### Data:
· · · ·

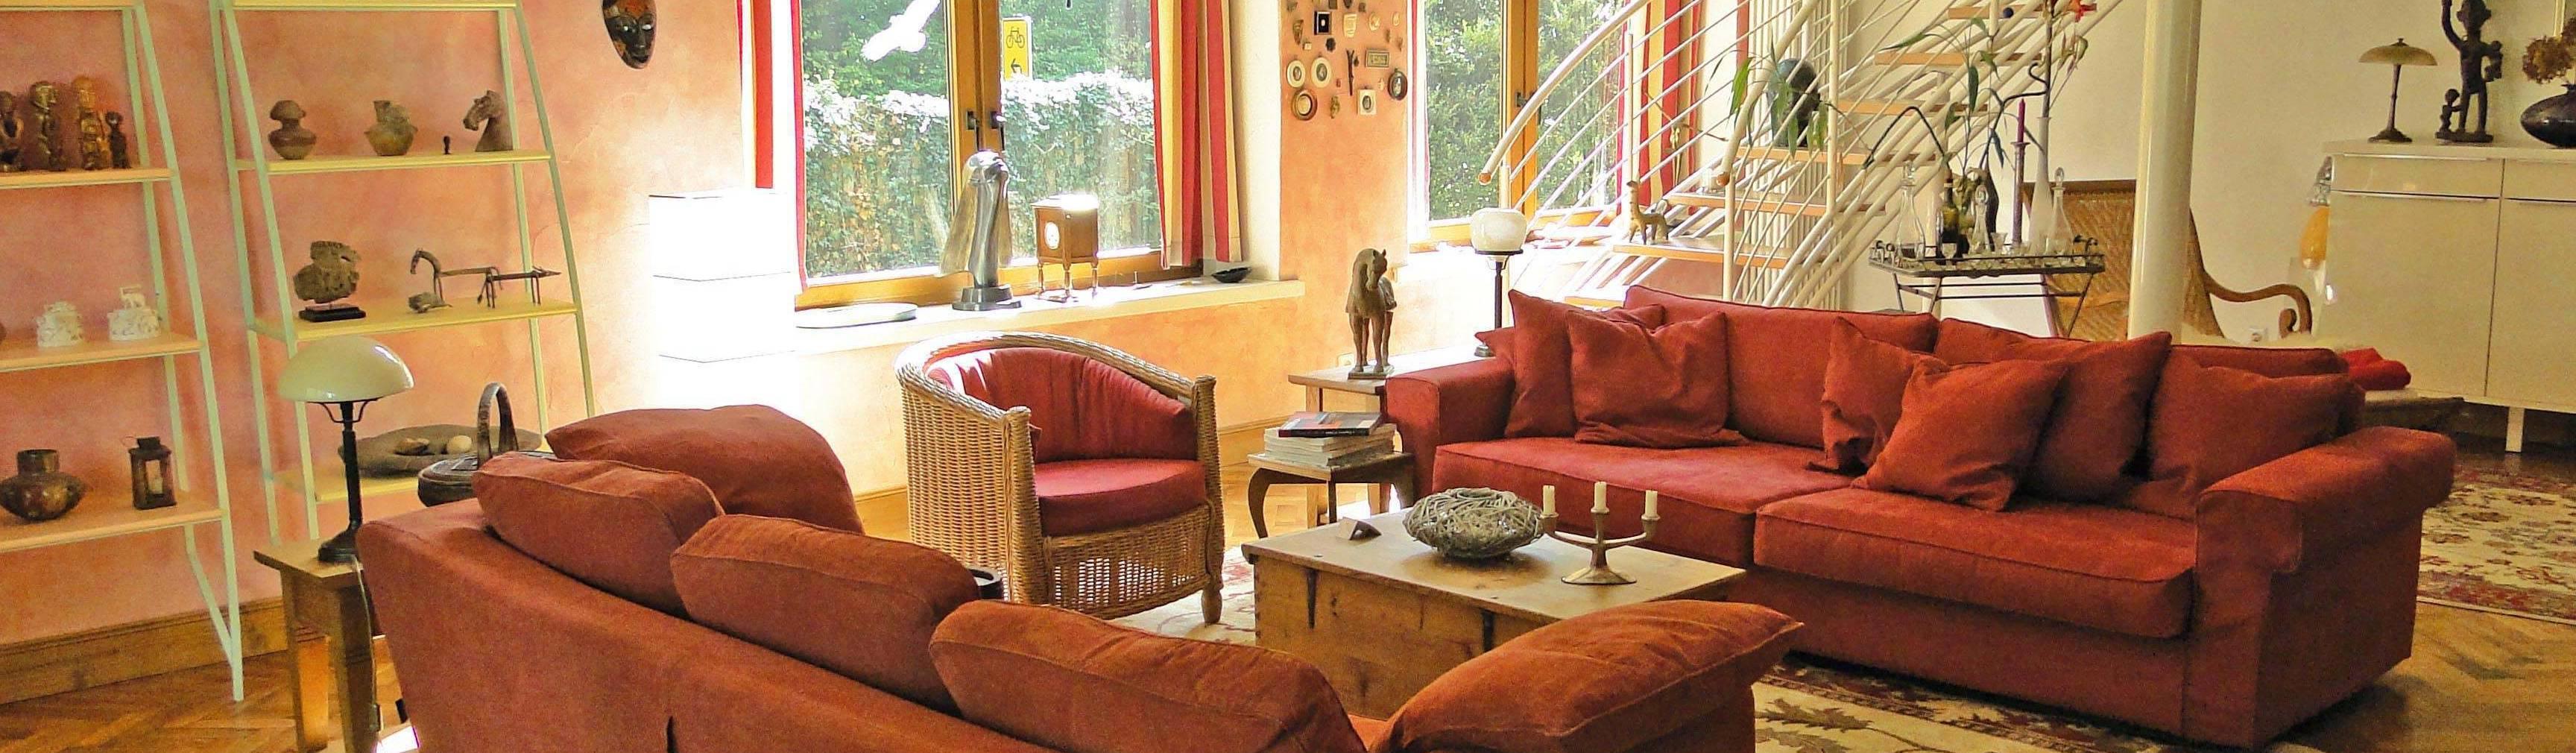 badezimmer familie aus lippstadt von b a r b a r a v o l m e r interieur design homify. Black Bedroom Furniture Sets. Home Design Ideas
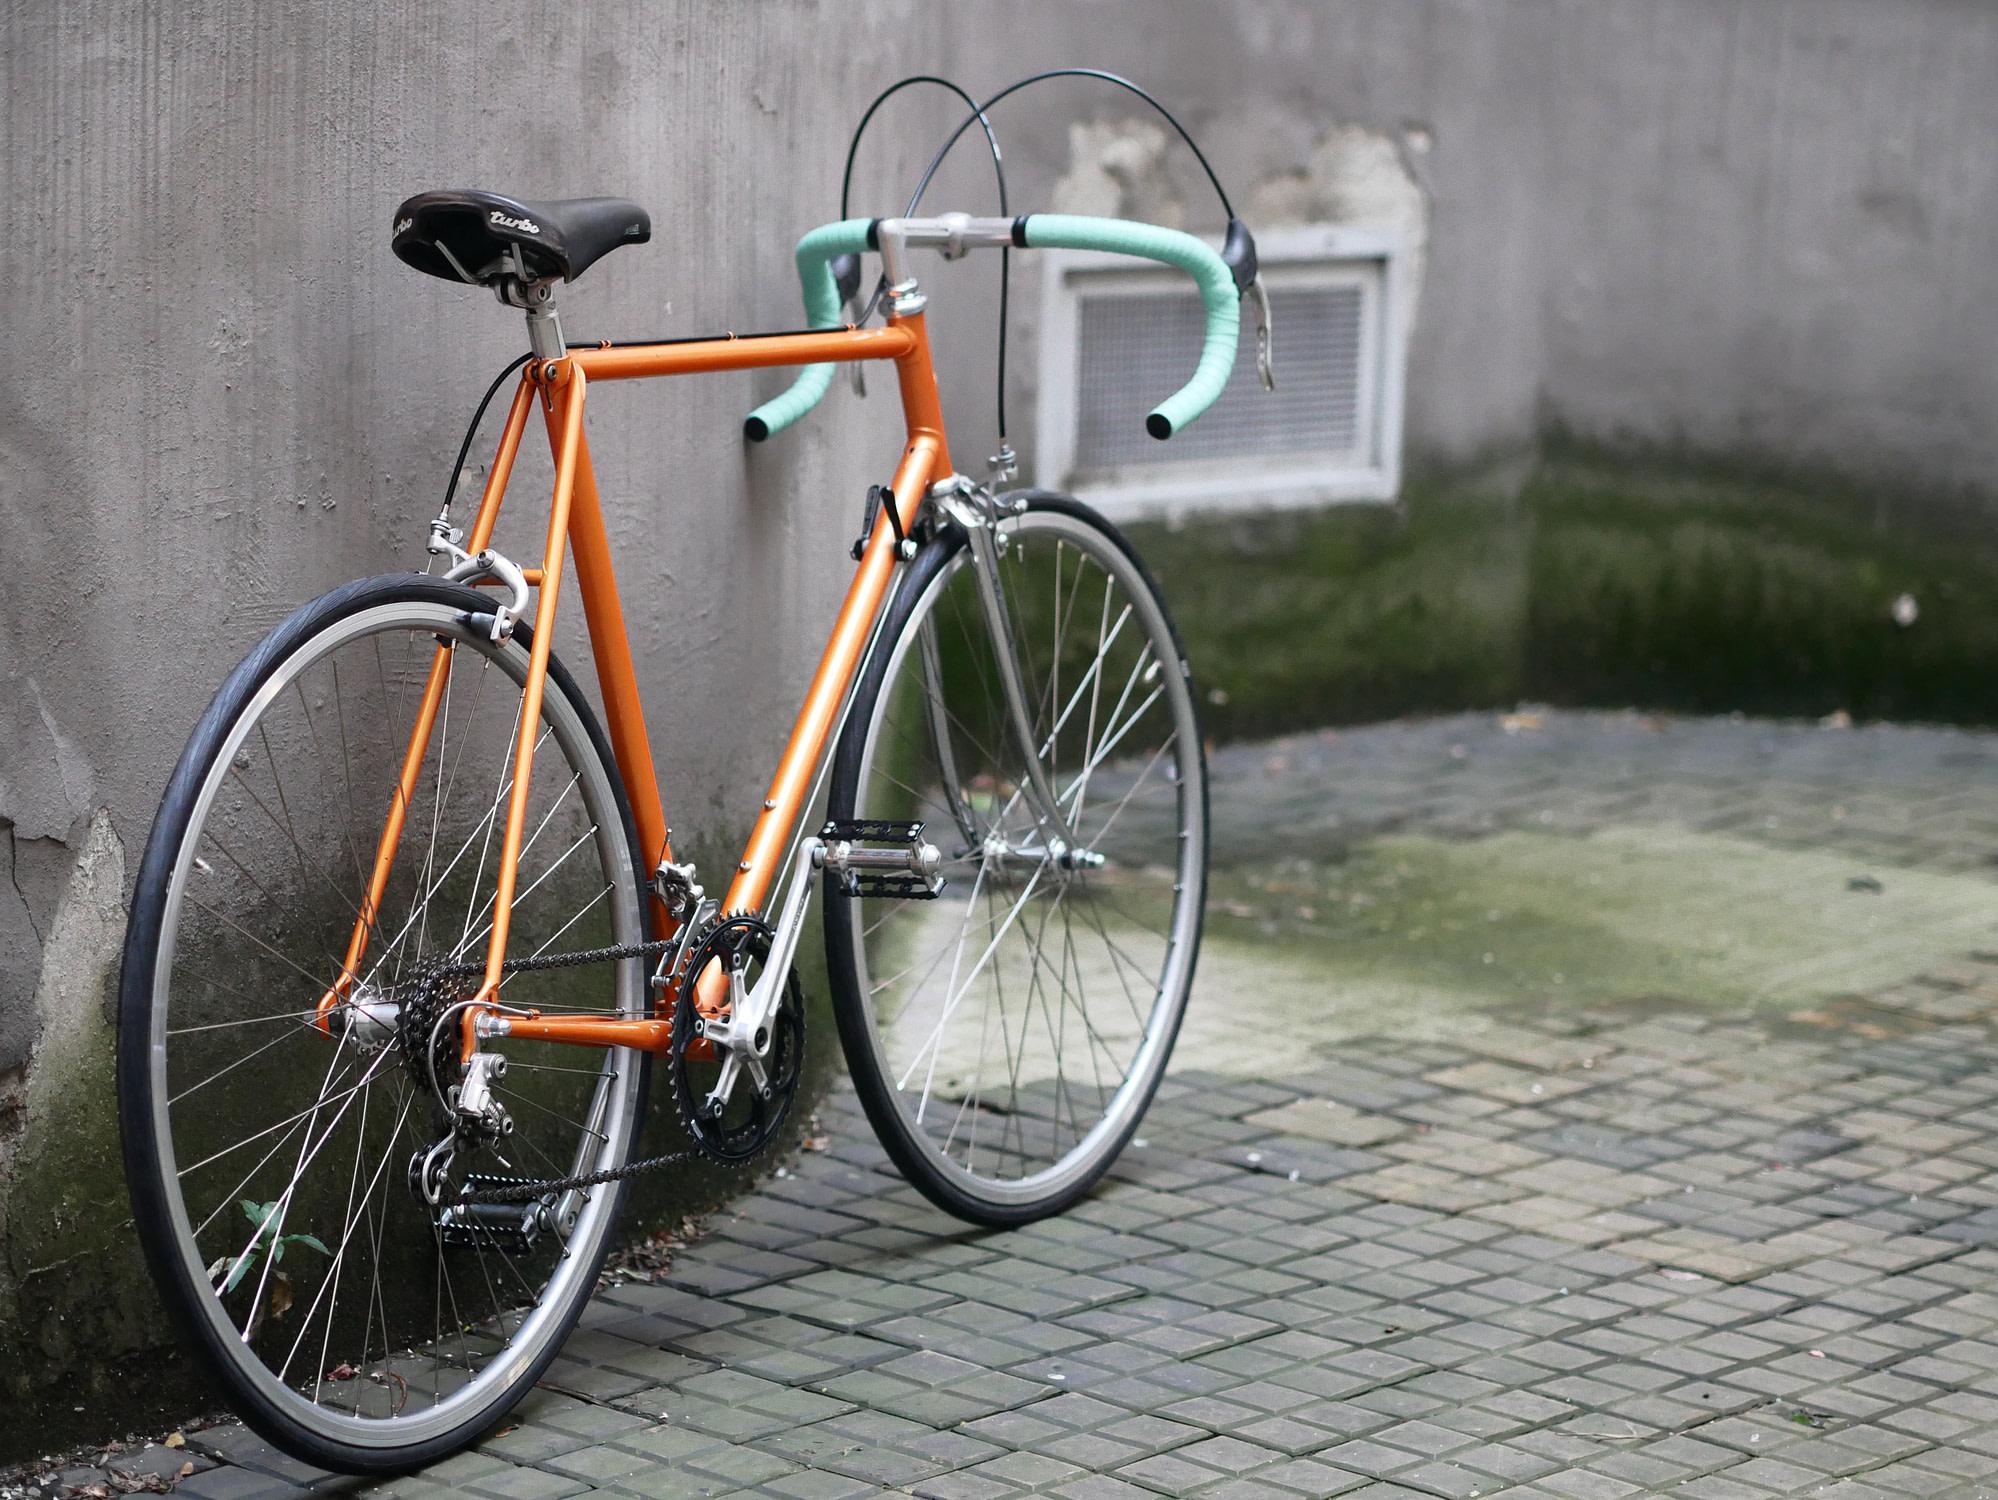 P1140024 scaled - Koga Miata - Orange
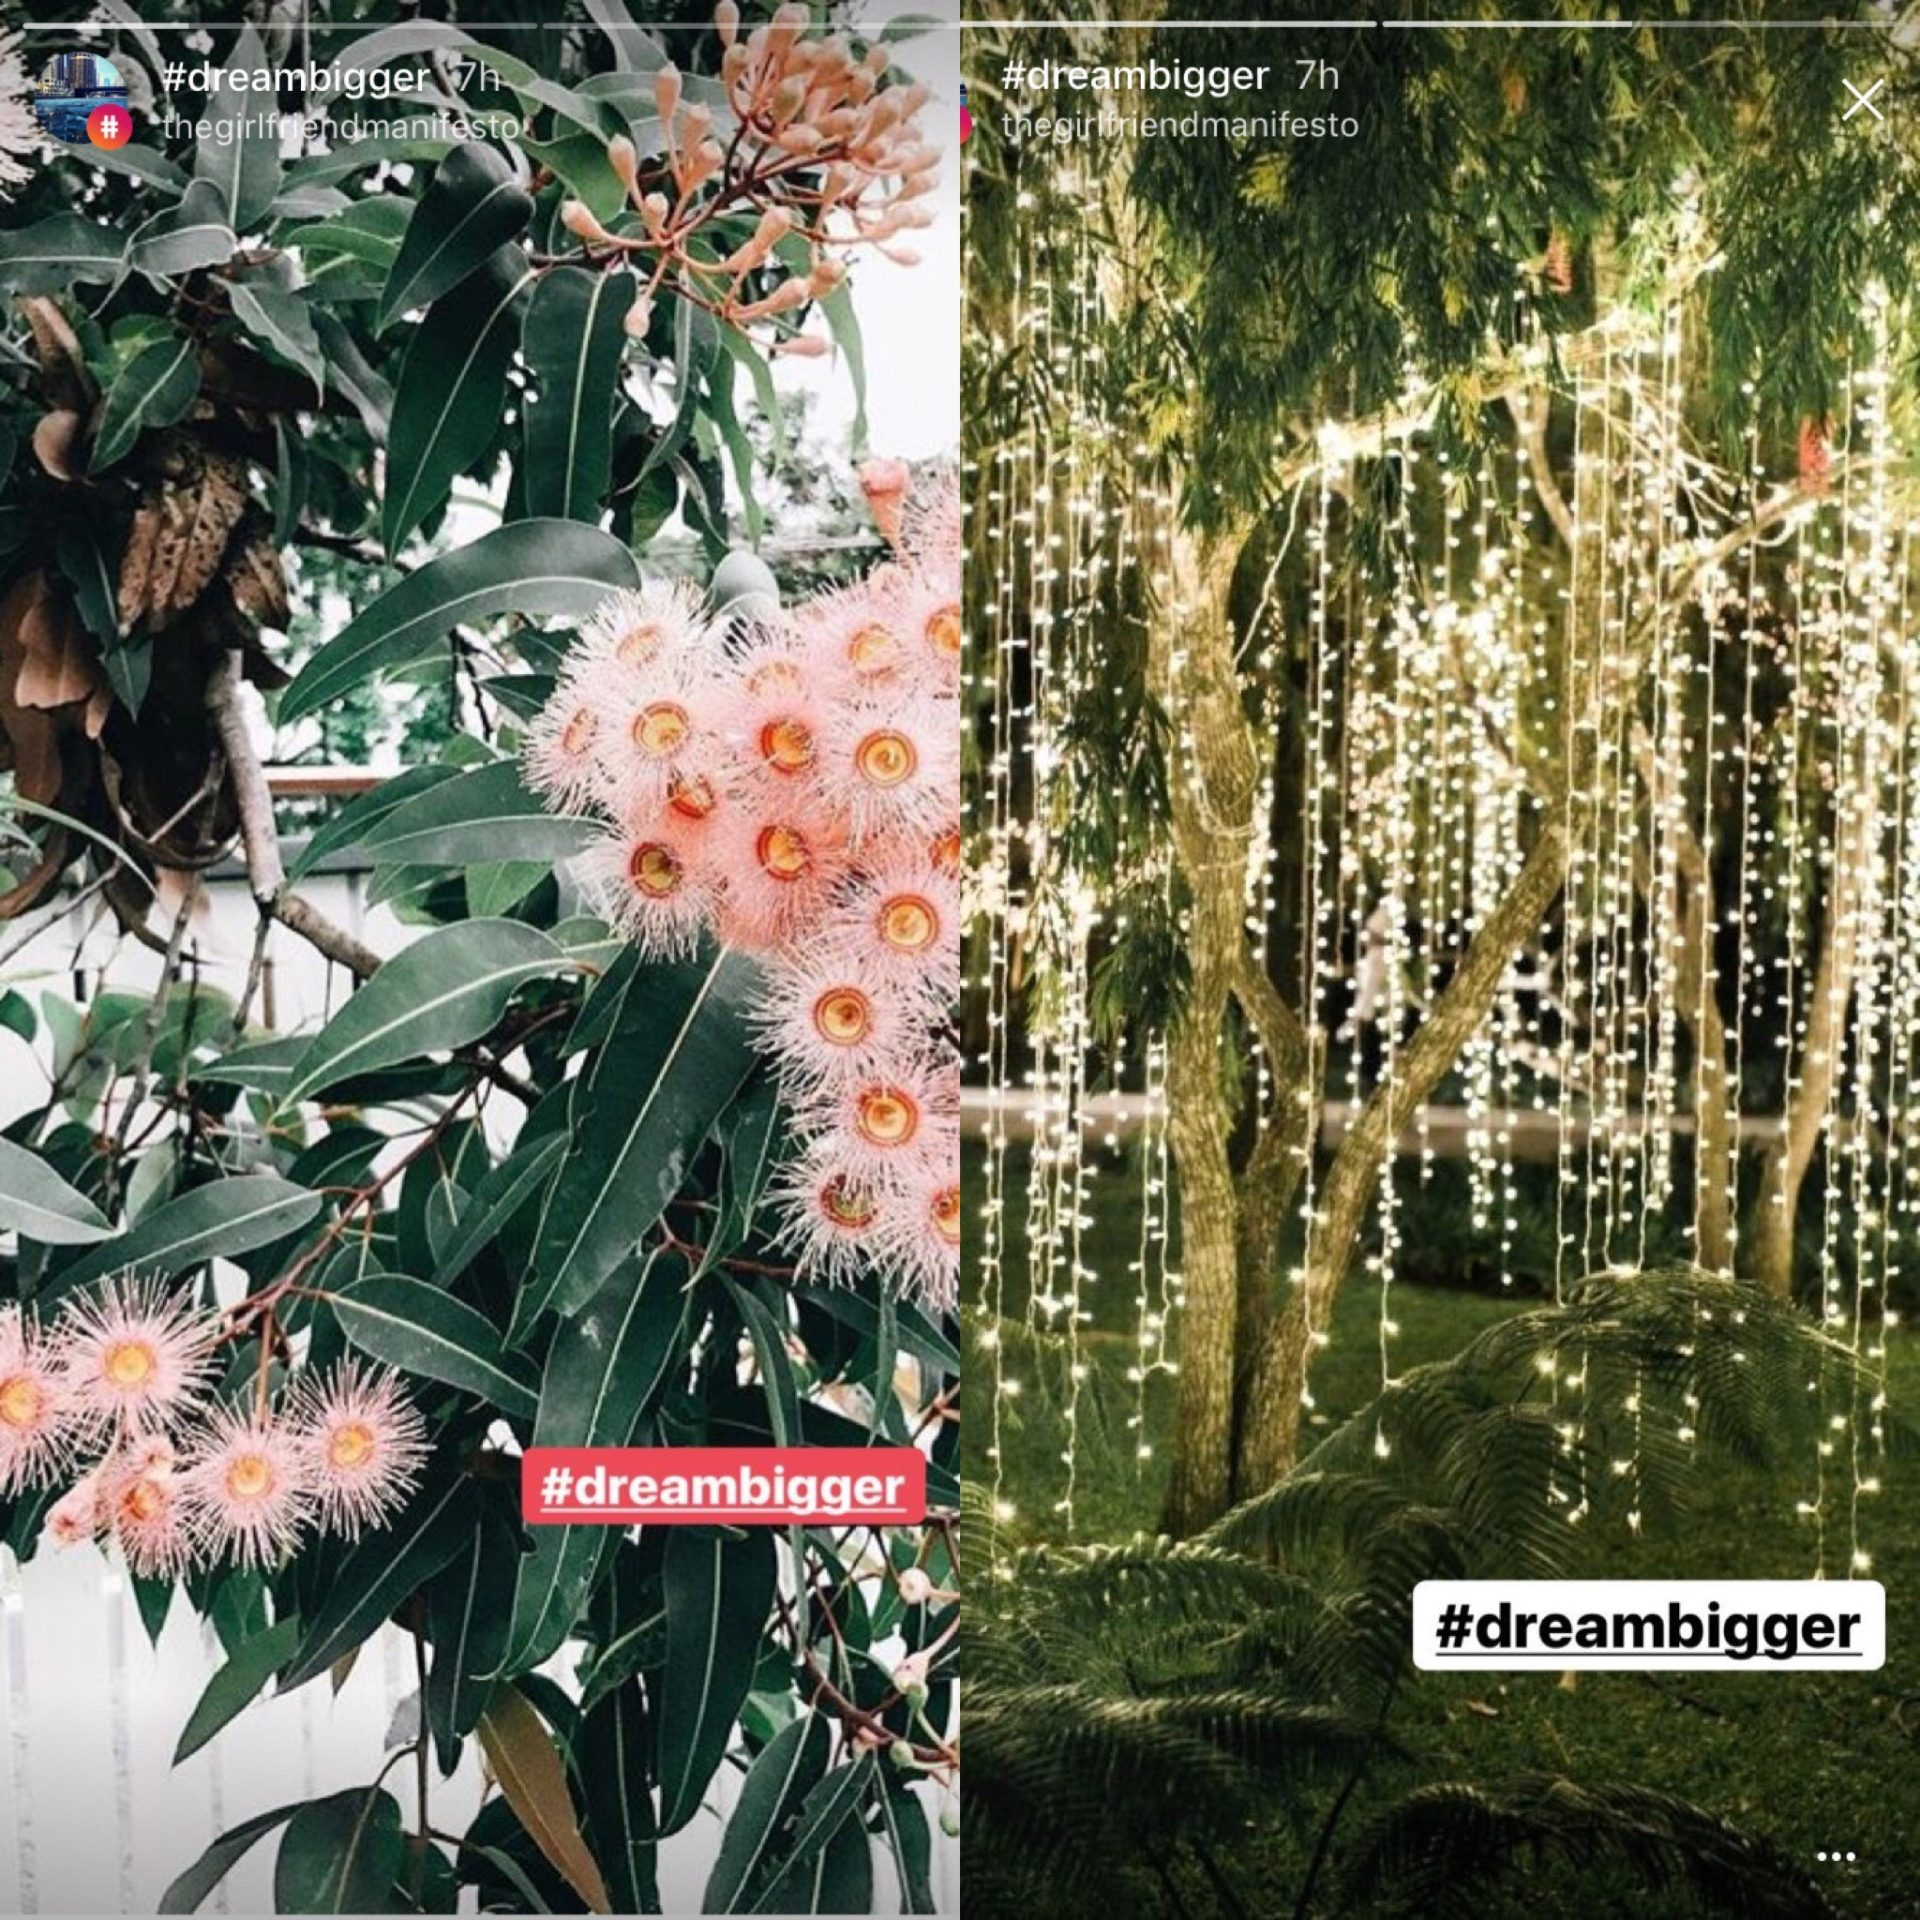 Strategic hashtagging in Instagram Stories

· · · ·

Copy the listing in full and without alteration, omitting every picture.

 badezimmer familie aus lippstadt von b a r b a r a v o l m e r interieur design homify. Black Bedroom Furniture Sets. Home Design Ideas
 P1140024 scaled - Koga Miata - Orange
 Strategic hashtagging in Instagram Stories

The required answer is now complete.